There have been a number of challenges over the years that sought to give workers “the right to work” without joining a union or to avoid having their union dues spent to support candidates with whom they disagree.
The concept of majority rule in a vote for a union should then be applied to all workers at a place of work, arose from the National Labor Relations Act, or NLRA, which was part of FDR’s New Deal, and was ruled constitutional by the US Supreme Court in 1937, said labor unions could represent ALL workers by just a majority vote at a place of work, as the members who wished to have a union were protected by the right freedom of association.
But those who are opposed to forcing the minority members of such a vote on unionization argue the freedom of association should give them the right to opt out of a union they do not wish to be a part of.
THAT argument was noted in one such article on the subject, written in July 2002 that was published by the Foundation for Economic Education, which said in part, “The NLRA violates individual workers’ freedom of association in two ways: forced representation and forced payment of agency fees. First, under the principle of exclusive (monopoly) representation, when a union has been approved as bargaining agent by a majority of workers on a job, that union also becomes the bargaining agent for those workers who voted against the union, as well as for those workers who didn’t vote. Individual members are even forbidden to represent themselves. Other freedoms guaranteed by the First Amendment, such as freedom of religion and freedom of speech, are not subject to majority rule. Neither should freedom of association be subject to majority rule.
NLRA also forces many workers who are represented by unions against their will to pay those unions for the representation they do not want. This is called “union security,” but it is forced association.
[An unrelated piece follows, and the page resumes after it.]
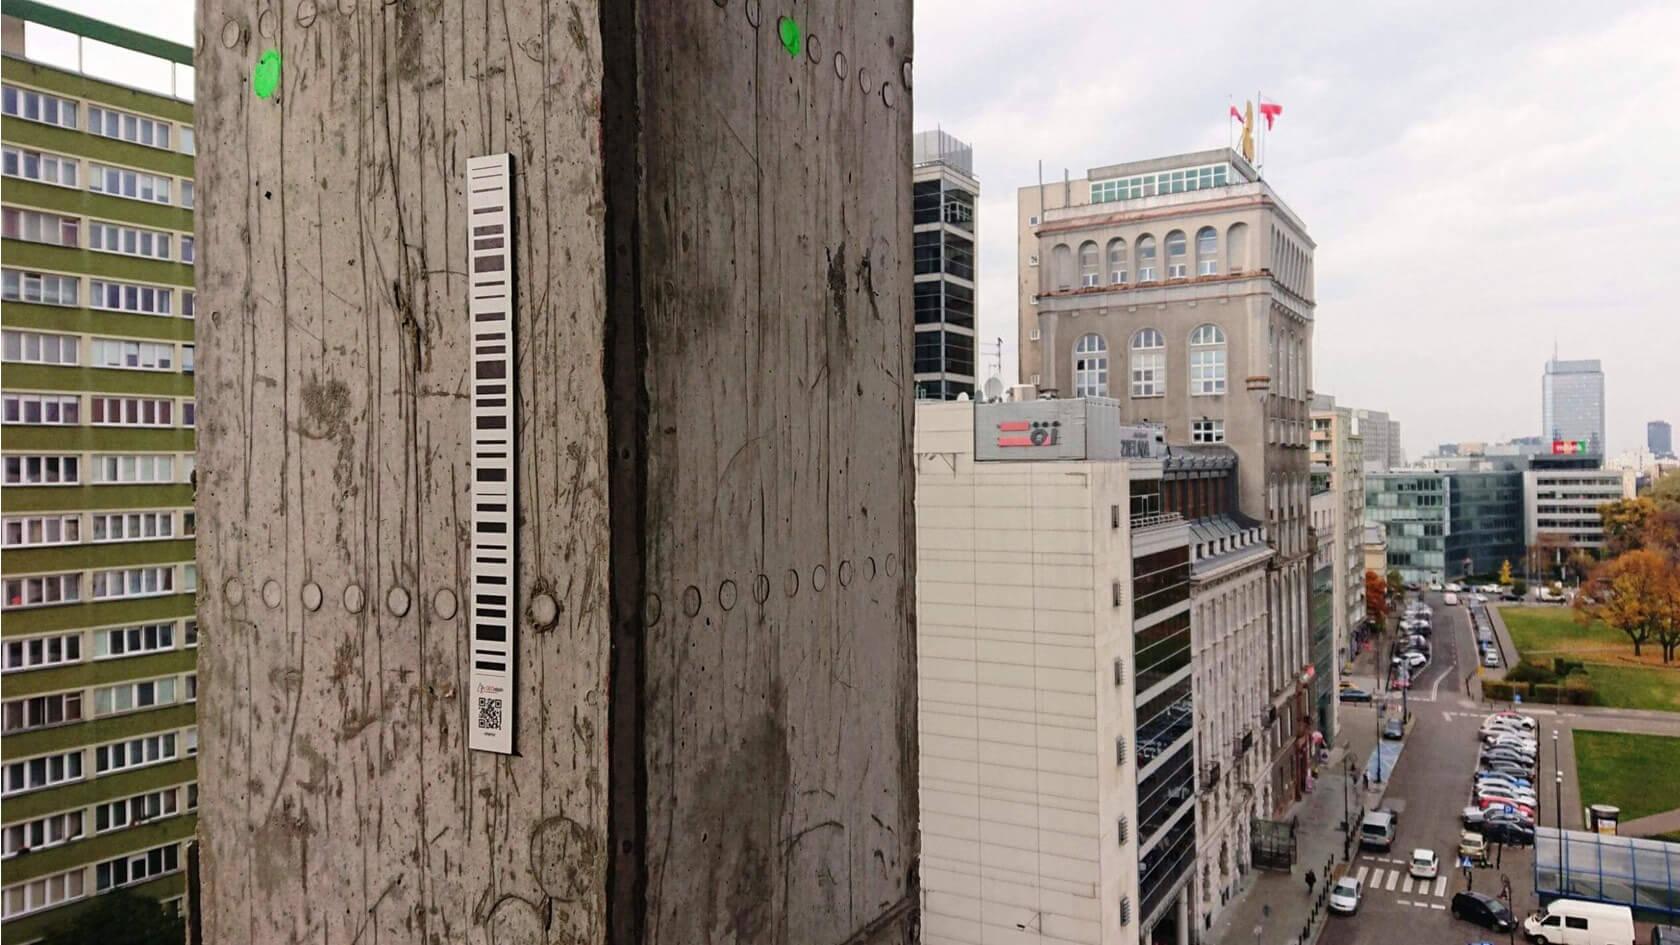 Central Point, monitoring automatyczny – widok na pryzmat pomiarowy oraz budynek Pasty

No worker’s fundamental human rights should be sacrificed simply to provide unions with financial security.”
Unions argue that majority rule is a basic foundation of a democracy and that those in the minority may not opt out of the result of an election.
Unions also argue that those workers who voted against unionization, still enjoy the benefits of collective bargaining, in higher wages, pensions, healthcare and other improvements in the workplace that would be impossible to achieve but for the ability of labor to be organized and represented as a whole in labor negotiations.
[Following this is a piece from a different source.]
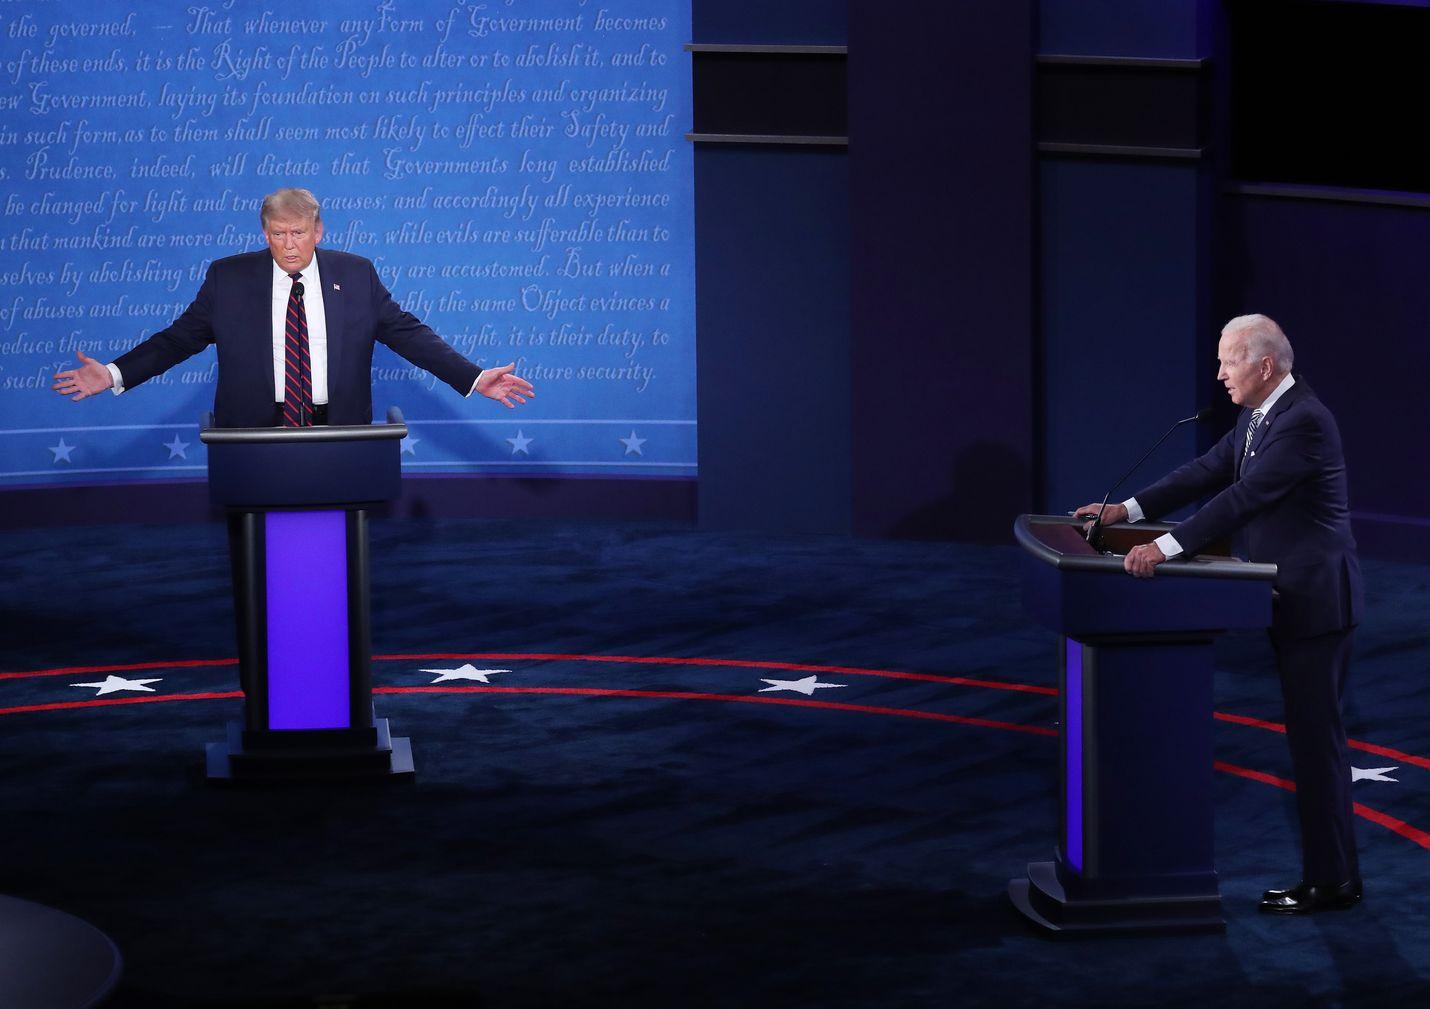 Presidentti Donald Trump (vas.) ja Joe Biden kuvattuna ensimmäisessä väittelyssä syyskuun lopulla.

Unions also say it would be unfair for them to incur the cost of unionizing, and potentially going on strike in an effort to win better wages and benefits, only to have those workers who opted out of the union then enjoy those same benefits.
POTENTIAL IMPACT ON ELECTIONS
Beyond labor law, this case could also have a dramatic impact on national elections and the makeup of Congress. The Democratic Party, already in the minority in both the US House and Senate, received the vast majority of over $160 million donated by unions to candidates for public office.
Should the US Supreme Court find in favor of Janus, with the result that those current union workers who wish to leave the union could do so — it is unclear how many laborers, teachers, and others would leave — taking their union dues with them.
Pit the loss of potentially millions of dollars in union dues that would go to support Democratic candidates, against the 2010 US Supreme Court ruling in “Citizens United v FEC” that allows corporations can give as much money to a political cause or candidate as they wish, and it is possible the competitive nature of Republicans v Democrats that currently holds, could be undone.
The ruling in the Janus case is not expected until June, when the US Supreme Court issues its rulings on cases heard in the current term.